Now that the model is trained, we use the Viterbi algorithm to find the most likely sequence of hidden states that produced our observed signals.

# Predict the states
est_states <- posterior(fit_mod)

# Add predictions back to our dataframe
genomic_data$PredictedState <- as.factor(est_states$state)

# Visualize True vs Predicted
# ggplot(genomic_data, aes(x = bin)) +
#   geom_tile(aes(y = 2, fill = TrueState)) +
#   geom_tile(aes(y = 1, fill = PredictedState)) +
#   scale_y_continuous(breaks = c(1, 2), labels = c("Predicted", "True")) +
#   theme_minimal() +
#   labs(title = "HMM Segmentation Results", x = "Genomic Position", y = "") +
#   scale_fill_brewer(palette = "Set1")

Aligned Genomic Tracks Visualization

# Load necessary libraries
library(ggplot2)
library(patchwork) # For combining multiple plots
library(dplyr)
library(tidyr)

# 1. Create the Signal Tracks (Line plots)
# We plot the continuous intensity for each histone mark
p1 <- ggplot(genomic_data, aes(x = bin, y = H3K4me3)) +
  geom_line(color = "#e41a1c", size = 0.5) +
  labs(title = "Genomic Signal Tracks", y = "H3K4me3") +
  theme_minimal() +
  theme(axis.text.x = element_blank(), axis.title.x = element_blank())

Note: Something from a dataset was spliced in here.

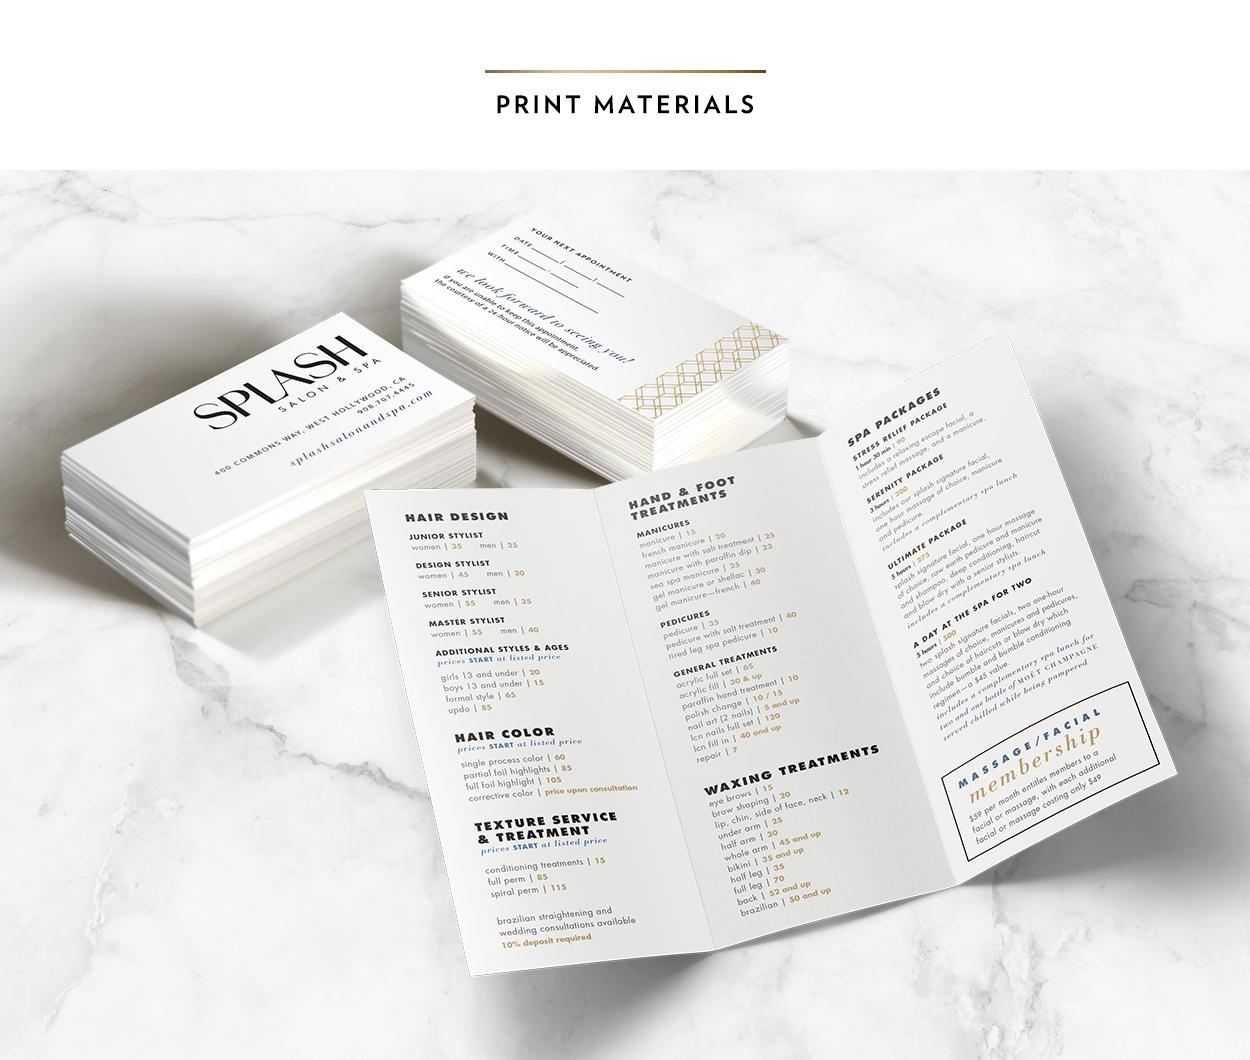 PrintMaterials.jpg

p2 <- ggplot(genomic_data, aes(x = bin, y = H3K27ac)) +
  geom_line(color = "#377eb8", size = 0.5) +
  labs(y = "H3K27ac") +
  theme_minimal() +
  theme(axis.text.x = element_blank(), axis.title.x = element_blank())

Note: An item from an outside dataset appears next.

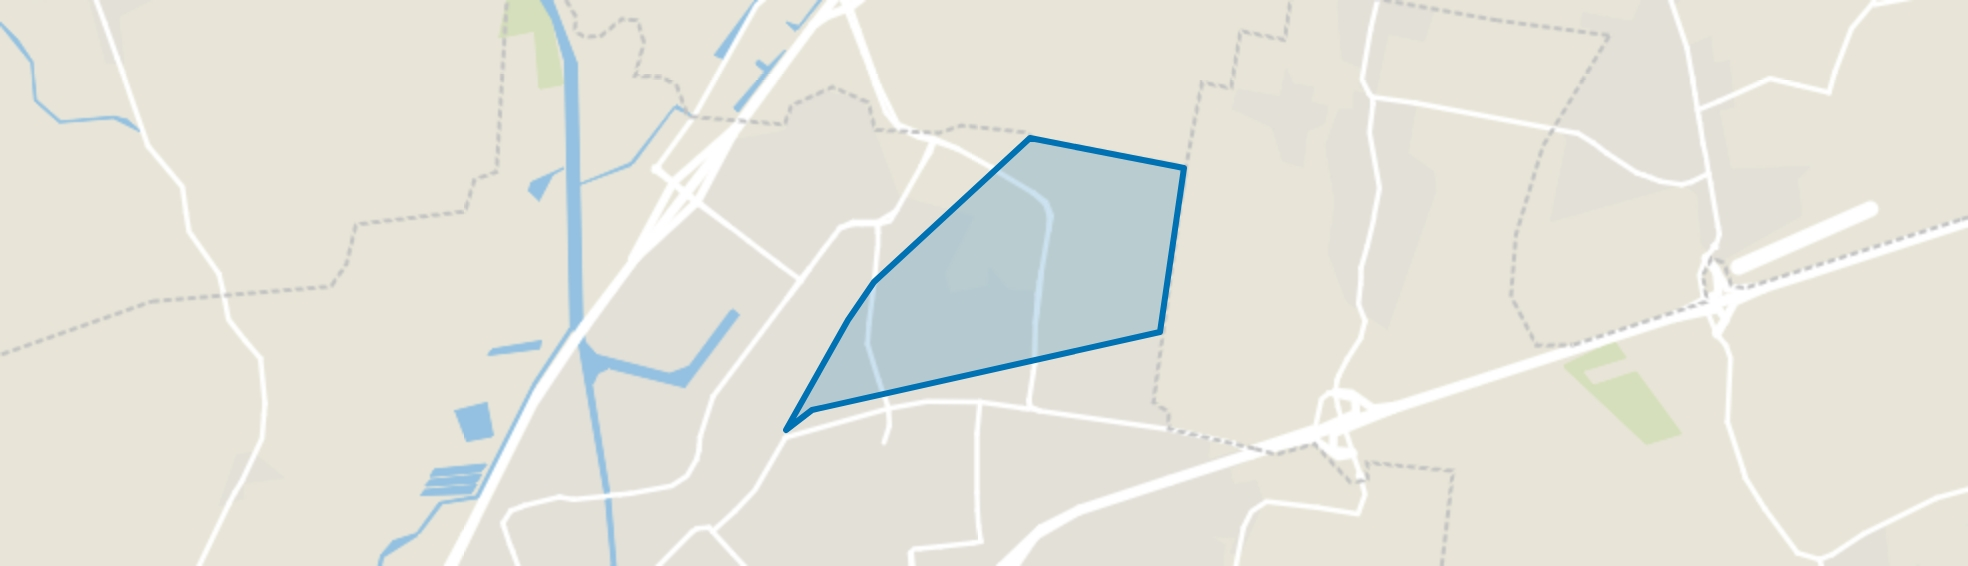 Nieuwenberg, Roosendaal map

# 2. Create the State Tracks (Heatmap/Ribbon style)
# This shows the True vs Predicted functional categories
p3 <- ggplot(genomic_data, aes(x = bin, y = 1, fill = TrueState)) +
  geom_tile() +
  scale_fill_manual(values = c("1" = "grey80", "2" = "#4daf4a", "3" = "#984ea3"),
                    labels = c("Background", "Promoter", "Enhancer")) +
  labs(y = "True", fill = "States") +
  theme_minimal() +
  theme(axis.text = element_blank(), axis.title.x = element_blank(), 
        panel.grid = element_blank())

p4 <- ggplot(genomic_data, aes(x = bin, y = 1, fill = PredictedState)) +
  geom_tile() +
  scale_fill_manual(values = c("1" = "grey80", "2" = "#4daf4a", "3" = "#984ea3")) +
  labs(y = "Predicted", x = "Genomic Coordinate (Bins)") +
  theme_minimal() +
  theme(axis.text.y = element_blank(), panel.grid = element_blank(),
        legend.position = "none")

# 3. Combine the plots using patchwork
# We specify the heights to give more room to the signals
combined_plot <- (p1 / p2 / p3 / p4) + 
  plot_layout(heights = c(3, 3, 1, 1), guides = "collect")

print(combined_plot)

Conclusion

The HMM successfully “smoothed” the noisy signal into discrete blocks. While the predicted state numbers (1, 2, 3) might be swapped compared to our simulation (label switching), the segment boundaries should align closely with the truth. In a real biological context, you would look at the emission means to determine which state corresponds to a “Promoter” vs an “Enhancer.”